The term comes from the dead man’s hand, the fabled poker hand containing both black aces and two eights. As the legend goes, the Old West gunfighter, lawman and gambler Wild Bill Hickok was holding the hand when he was murdered in 1876. Eddie Shore, an N.H.L. star in the 1920s and ’30s and later an A.H.L. owner and coach, is believed to have brought the term to hockey, adopting it to refer to players working their way back into the lineup.

The distinction has taken on new meaning in the modern N.H.L. as a promotion that tends to involve plenty of watching and waiting.

“Typically, the playoffs in the N.H.L. are so long that usually there’s a couple of guys who get banged up. So there’s always a good chance,” Carpenter said. “That’s pretty much what they told us. Just to be ready. You’ve got to look at it as a really good thing and a great opportunity.”

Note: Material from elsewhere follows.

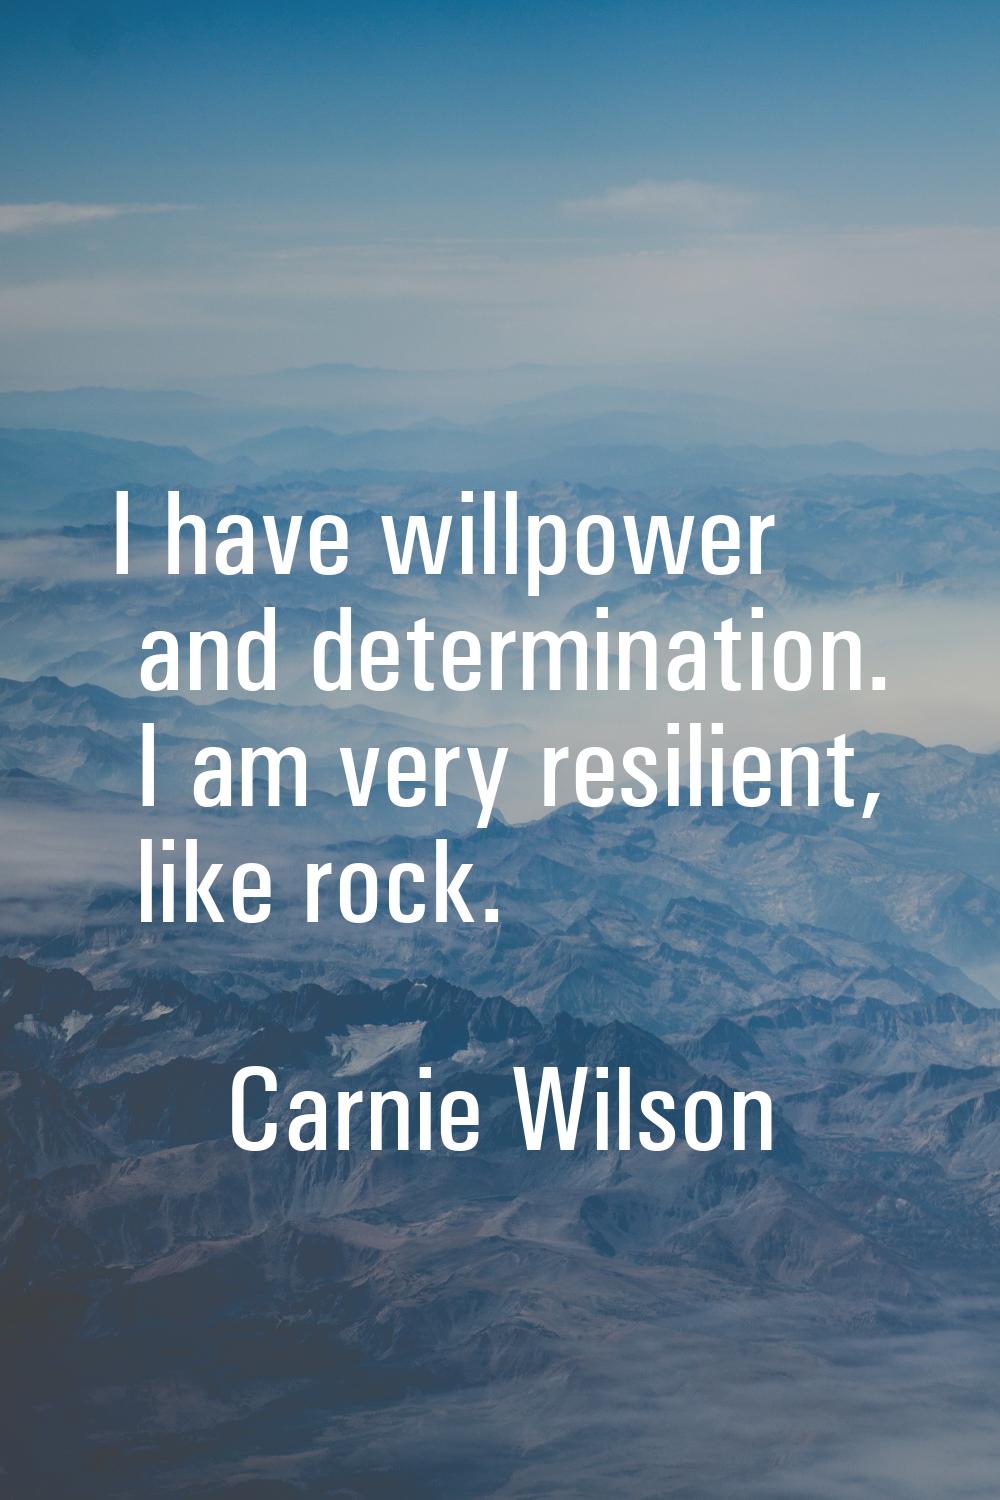 I have willpower and determination. I am very resilient, like rock.

As remote as the opportunity may seem, there is a precedent for Black Aces getting the call in the Stanley Cup finals. Earlier this season, Carpenter and Goldobin did not need to look too far to find a player who could attest as much.

Ben Smith spent much of this season playing with the Barracudas before being traded to the Toronto Maple Leafs on Feb. 27. But after beginning the 2013 playoffs as a Black Ace with the Chicago Blackhawks, Smith was thrust into duty in Boston against the Bruins in Game 3 of the finals because of an injury to Marian Hossa.